В 1587 году Марло выступил на лондонской сцене со своей трагедией «Тамерлан Великий». Образы Марло, напоминающие титанические фигуры Микеланджело, поражают своей силой, как силой поражает его стих. «Мощный стих Марло», — писал Бен Джонсон. Из всех своих предшественников Шекспир упоминает об одном Марло. «Мертвый пастух, теперь я понимаю мощь твоего изречения...», — читаем в комедии «Как вам это понравится». Эту силу, эту энергию Шекспир унаследовал от Марло и развил. И, наконец, от старинных шутов английского театра, от комедий своих предшественников к Шекспиру пришел широкий и пестрый диапазон комических и комедийных диалогов, каламбуров и острословий. Произведения Шекспира можно сравнить с оркестром, в котором звучат и грозные трубы, и нежные скрипки, и гнусавые веселые фаготы. При этом один инструмент не только дополняет, но и выделяет звучание другого инструмента.

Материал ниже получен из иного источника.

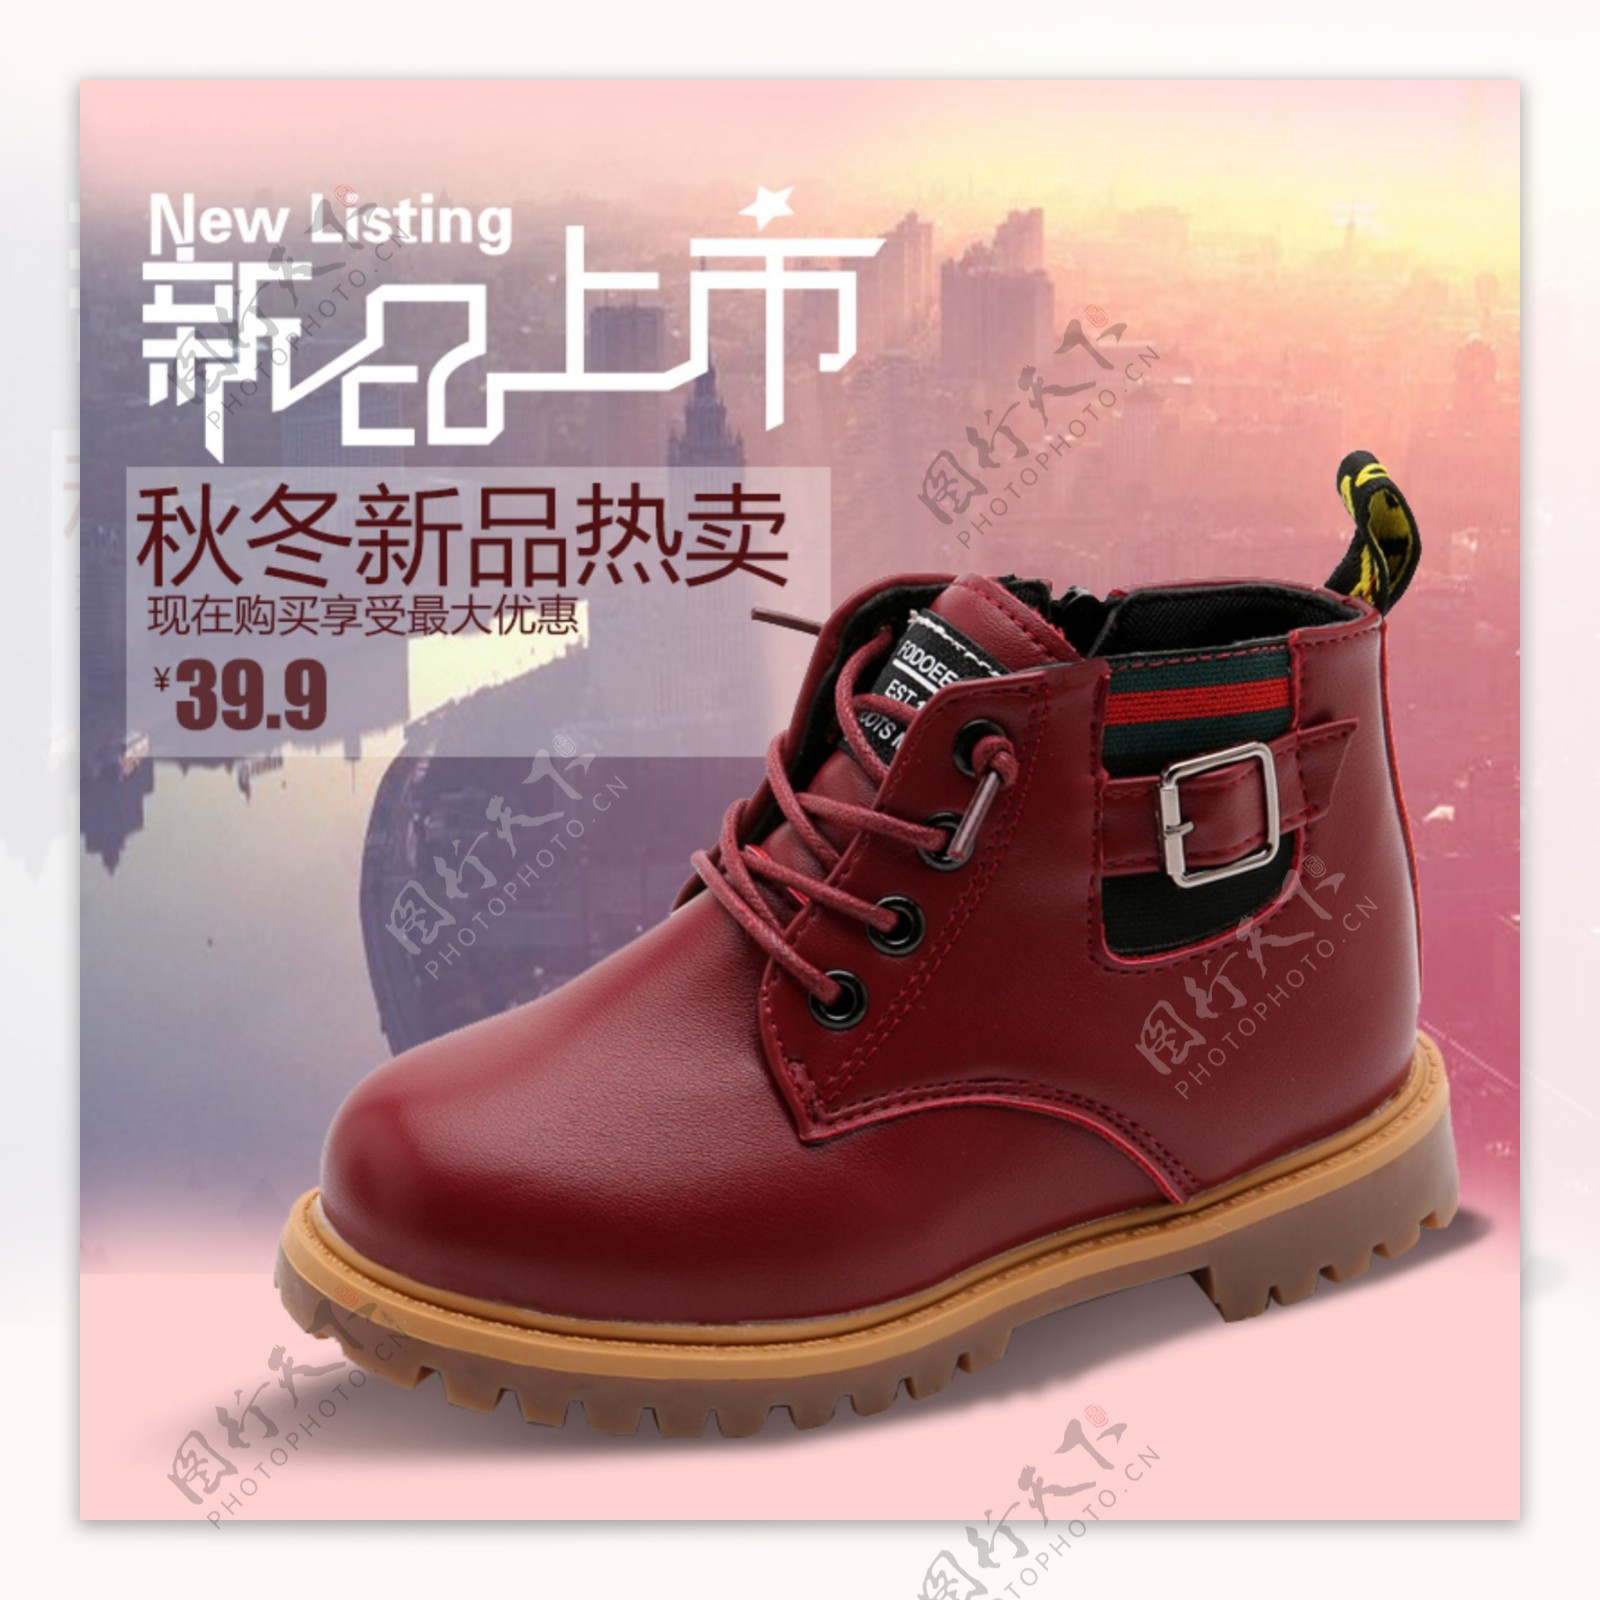 新品上市红色马丁靴促销直通车主图淘宝电商主图
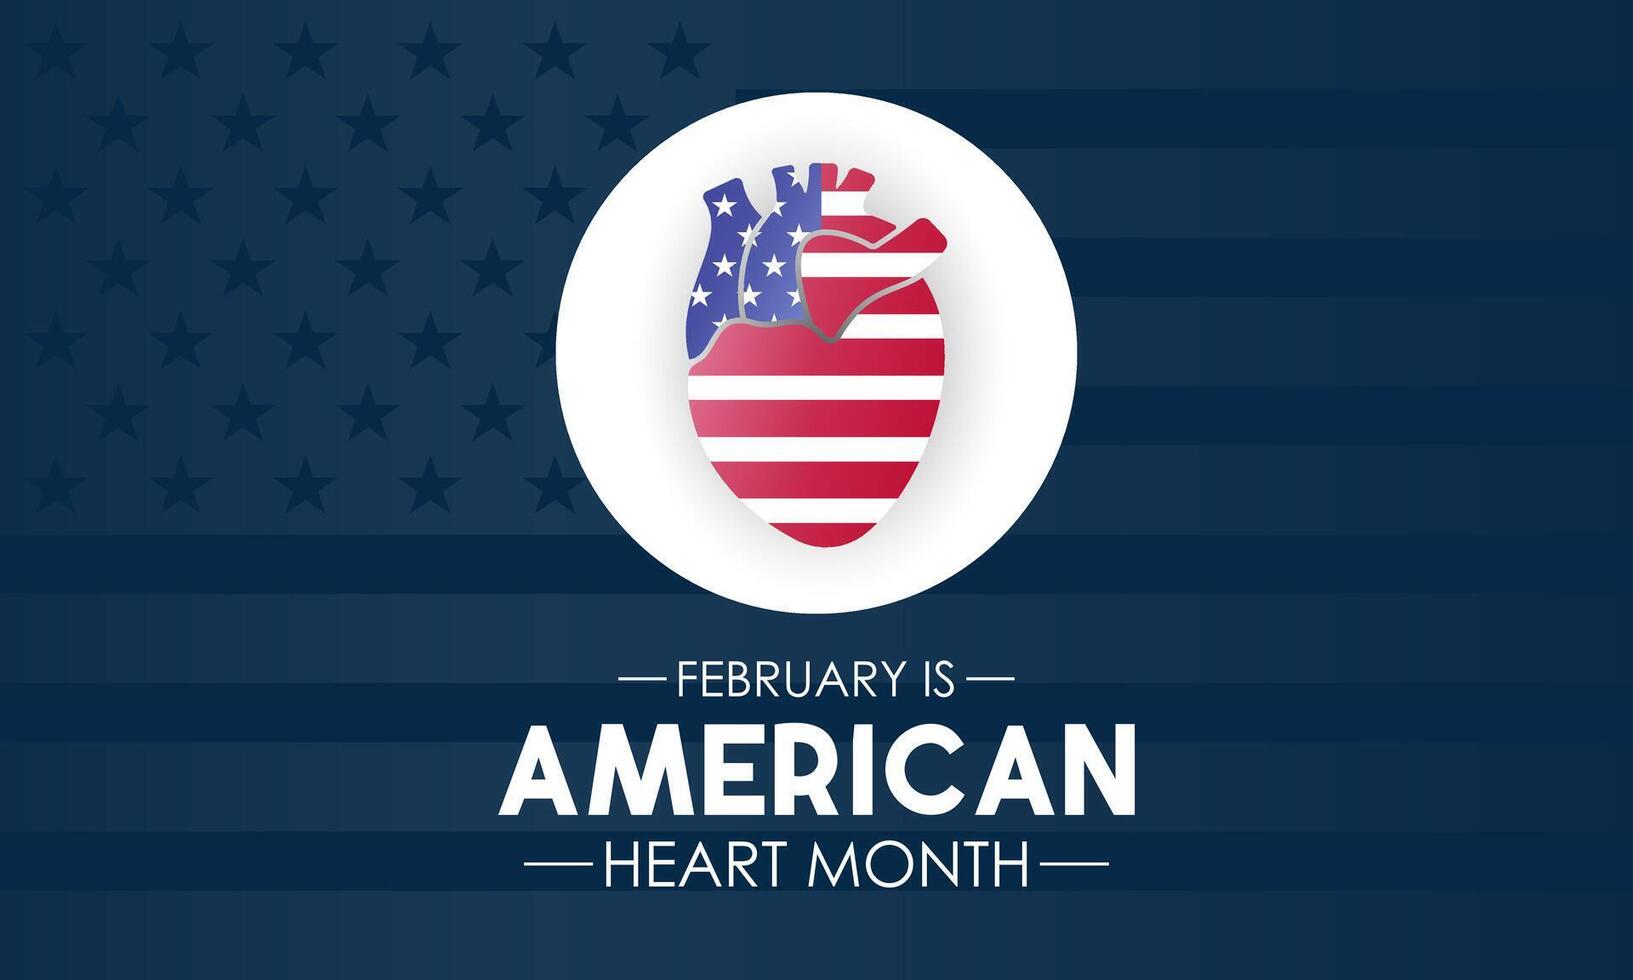 americano coração mês é observado cada ano dentro fevereiro. fevereiro é americano coração mês. vetor modelo para bandeira, cartão, poster com fundo. vetor ilustração.

Развернувшаяся за последнее время критика переводов Анны Радловой объясняется, как нам кажется, в значительной степени тем, что эти переводы являются до крайности односторонними. Внимательно изучив все ее переводы Шекспира (ею переведено шесть пьес), приходишь к выводу, что Радлова добилась наибольшего успеха в переводе исторической трагедии «Король Ричард III». Это, конечно, не случайно. «Ричард III» — та пьеса Шекспира, в которой особенно ярко сказалось влияние Марло. Сильно и в духе подлинника звучат, например, у Радловой следующие слова леди Анны, обращенные к Ричарду:

Красней, красней, обрубок безобразный!
Лишь пред тобою льется эта кровь
Из жил холодных, где уж нету крови.
Неслыханный и дикий твой поступок
Неслыханнейший вызвал здесь потоп.
Бог, кровь ты создал, отомсти за смерть!
Земля, кровь пьешь ты, отомсти за смерть!
О небо, молнией убей убийцу!
Земля, раскройся и пожри его...

Линия Марло в Шекспире лучше всего удалась Радловой. Но наряду с этим смолкли другие инструменты оркестра. По переводам Радловой уже никак не назовешь Шекспира «нежным лебедем Эйвона». А между тем эта в широком смысле слова эмоциональная сторона имеет не только стилистическое, но и принципиальное, смысловое значение. Ограничимся следующим примером.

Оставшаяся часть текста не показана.